Asylum Free Zones in the U.S. Examined by Inter-American Commission

Written by on December 20, 2016 in Asylum, Immigration Courts with 0 Comments

immigration-impact-asylum-free-zonesEntire jurisdictions in the United States have become so hostile to asylum seekers and their representatives that the U.S. government, and its immigration court system, is failing to deliver on its international and national obligation to protect them. The asylum-seekers who end up in one of these hostile jurisdictions, which advocates call “asylum-free zones,” face numerous challenges to obtaining humanitarian protection as a result.

To highlight this troubling trend, on December 9, the Inter-American Commission for Human Rights (IACHR), held a public hearing focused on the prevalence of asylum free zones in certain immigration courts around the country. In these asylum free zones, it is virtually impossible for asylum-seekers to obtain, or even seek, asylum due to a culture of intimidation by the Courts and the lack of competent counsel.

The petitioners presented numerous crushing examples of jurisdictions with abysmal approval rates. Two of these asylum-free zones are Atlanta, Georgia, and Charlotte, North Carolina.

Petitioners at the Commission told of the disproportionately low asylum grant rates in these jurisdictions (less than 2 percent in Atlanta and less than 13 percent in Charlotte), and troubling practices in the courts (judges rolling their eyes, disparaging statements from the bench, a practice of not recording the entirety of the hearings, giving asylum seekers representing themselves only 1 to 2 weeks to prepare their applications).

According to the petitioners, many asylum seekers in these jurisdictions do not even appeal after Executive Office for Immigration Review (EOIR), the immigration court system, denies their asylum case because they know the case will go back before the same judge, and because they have been made to understand that the process is fundamentally unfair. The petitions said EOIR discourages asylum seekers by failing to believe in the validity of the claim, or not allowing them to even file their applications for relief in the first place. At one point, a petitioner noted, “[the Court] often serves as a second prosecutor.”

Numerous organizations from around the country, spearheaded by the Centers of Excellence, petitioned the IACHR for this hearing and made certain asks. They included:

  • Issuing a public statement acknowledging concerns about these asylum-free zones;
  • Conducting visits to immigration courts around the country to investigate disproportionately low asylum rates;
  • Production of a report on the disparity among jurisdictions.

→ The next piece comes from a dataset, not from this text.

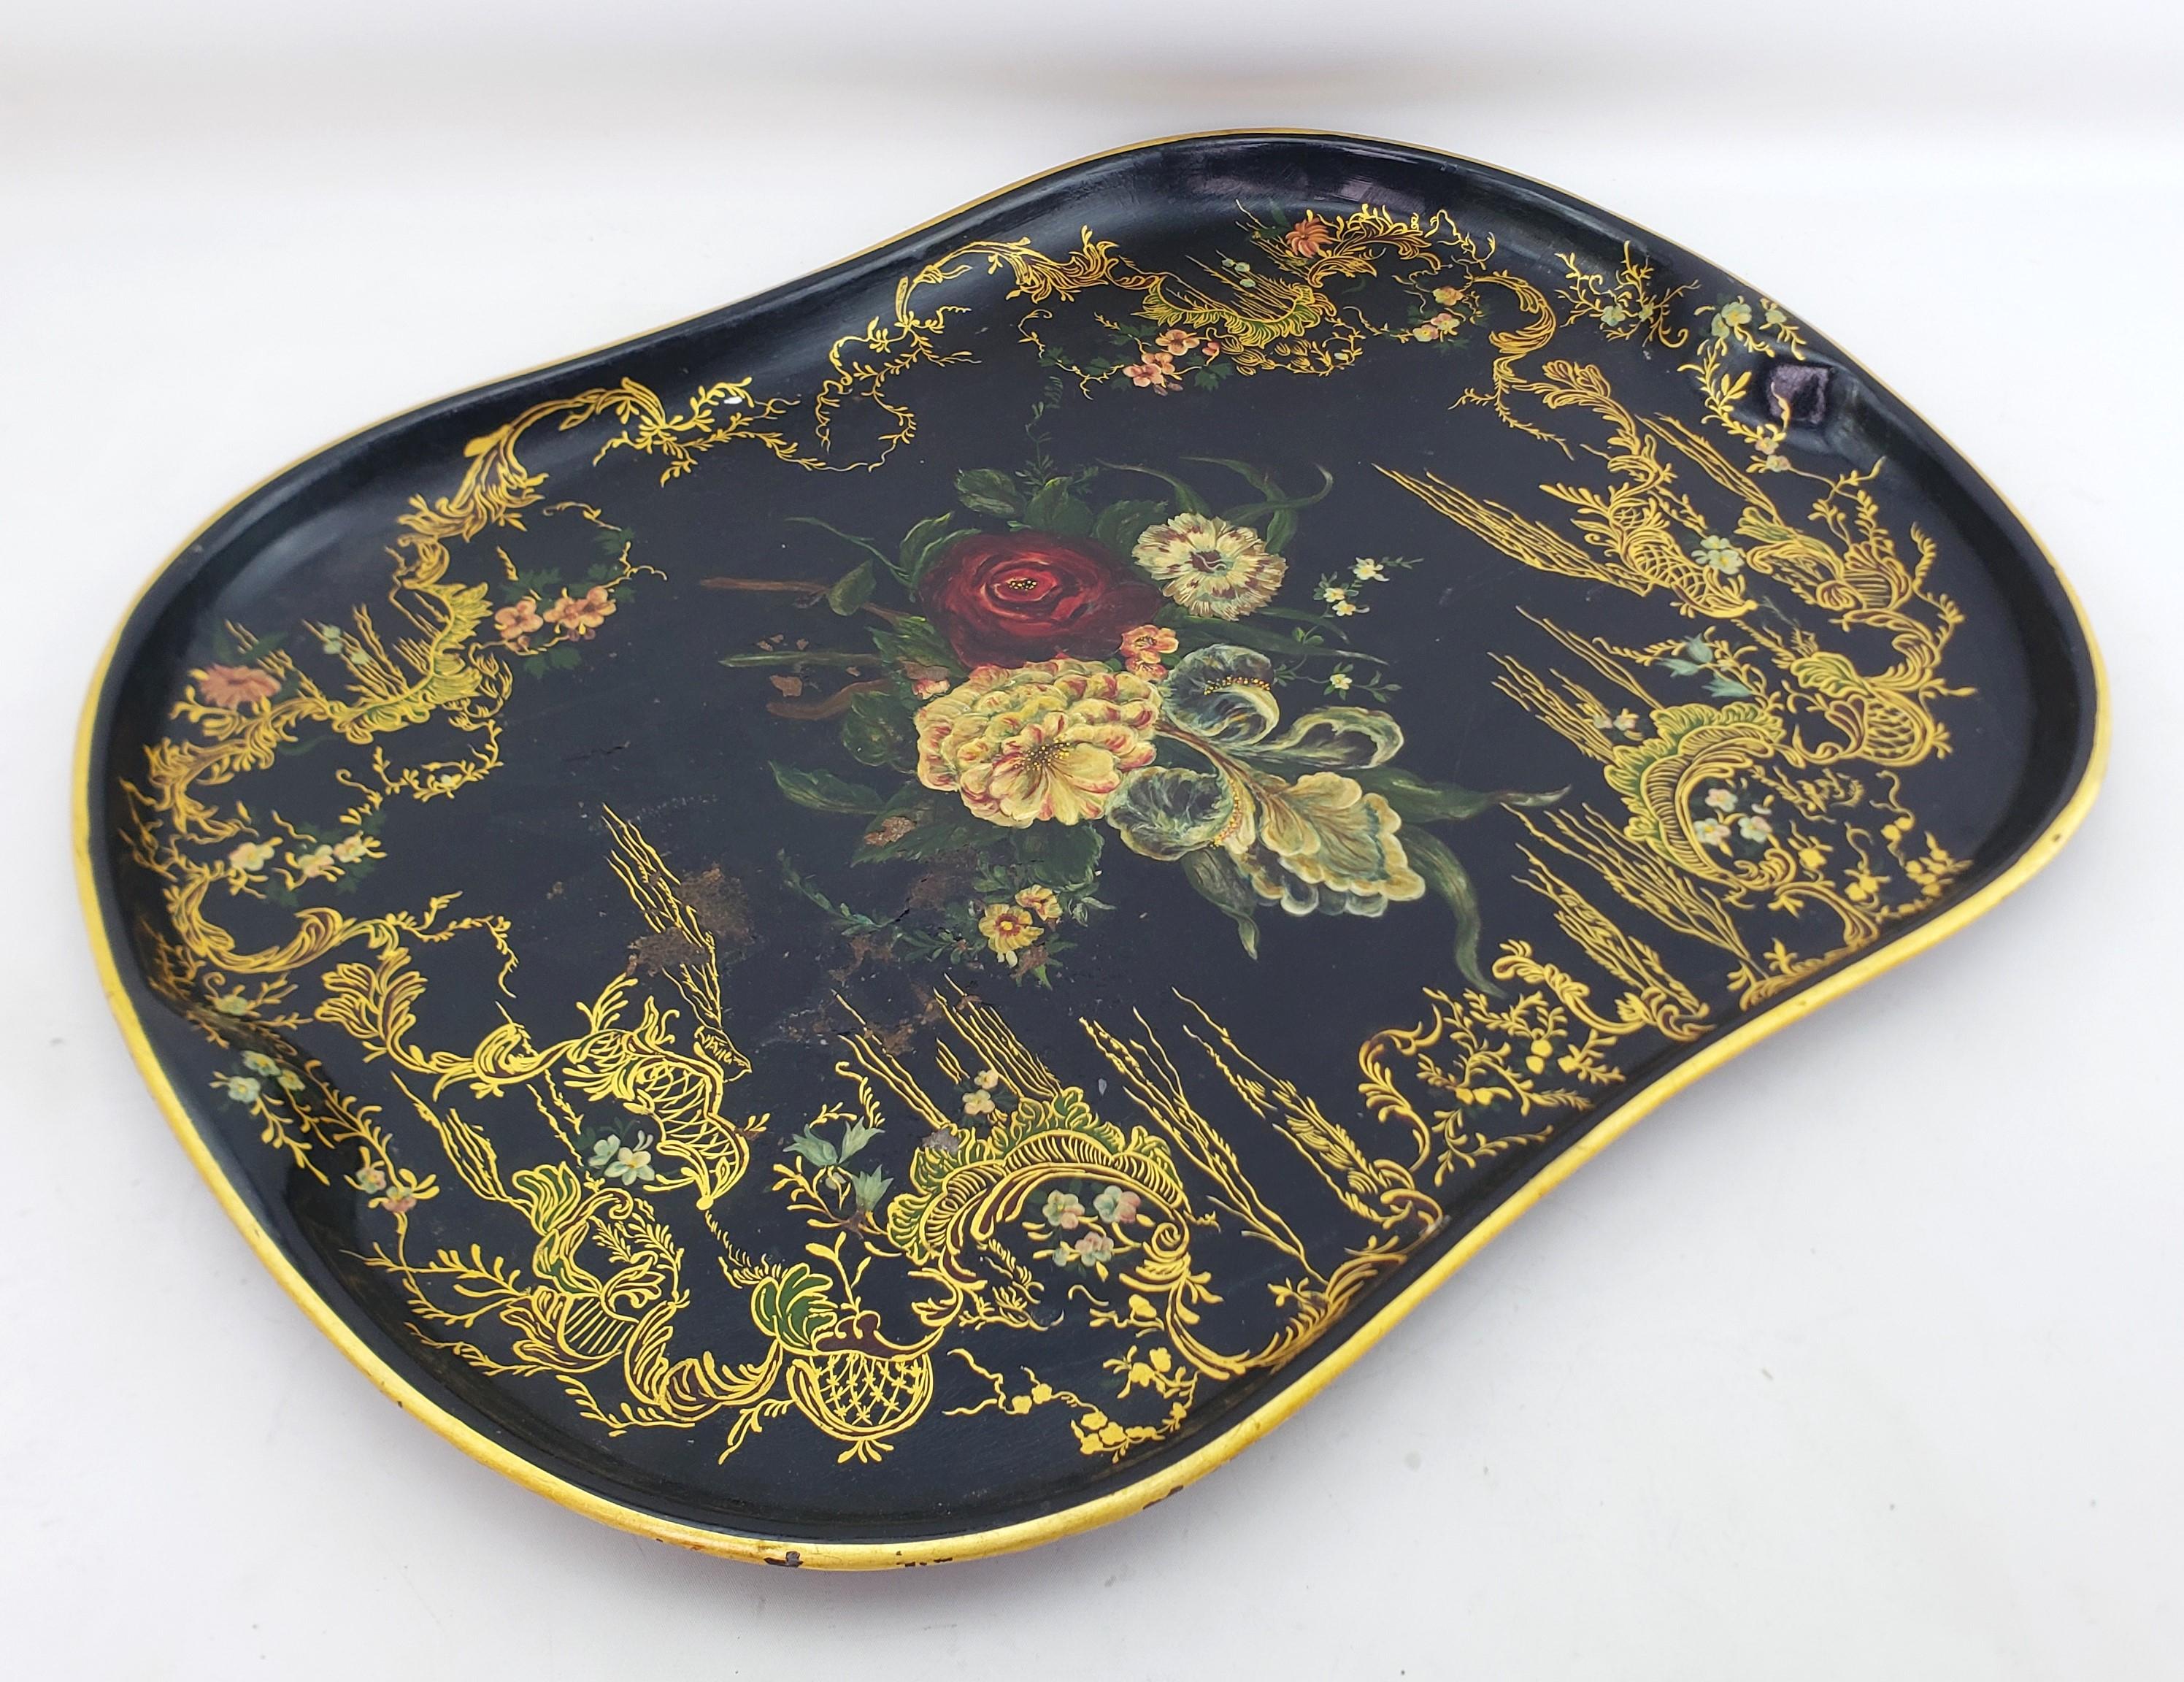 This huge antique serving tray is unsigned, but presumed to have originated from England and date to approximately 1880 and done in the period Victorian style. The tray is composed of pressed steel with and black background with an elaborate

During the hearing, the government responded by noting various efforts it has made to address concerns like these in the past and that they take these concerns very seriously. The Commissioners also had an opportunity to speak during the hearing.  One of them said:

“I do not believe you can have these asylum-free zones in a democracy. Article 27 recognizes a right to asylum. I believe there cannot be a state in which judges refuse to apply international standards while others do. This is a very troubling situation.”

It is heartening to see that an international body dedicated to the protection and promotion of human rights in the Americas has acknowledged that it is simply unacceptable to have asylum-free zones in the United States. We hope that EOIR and the U.S. government will take note, and move to address these violations and to ensure that asylum-seekers in the United States, regardless of where they end up, get a fair chance to present their case in court in a meaningful way.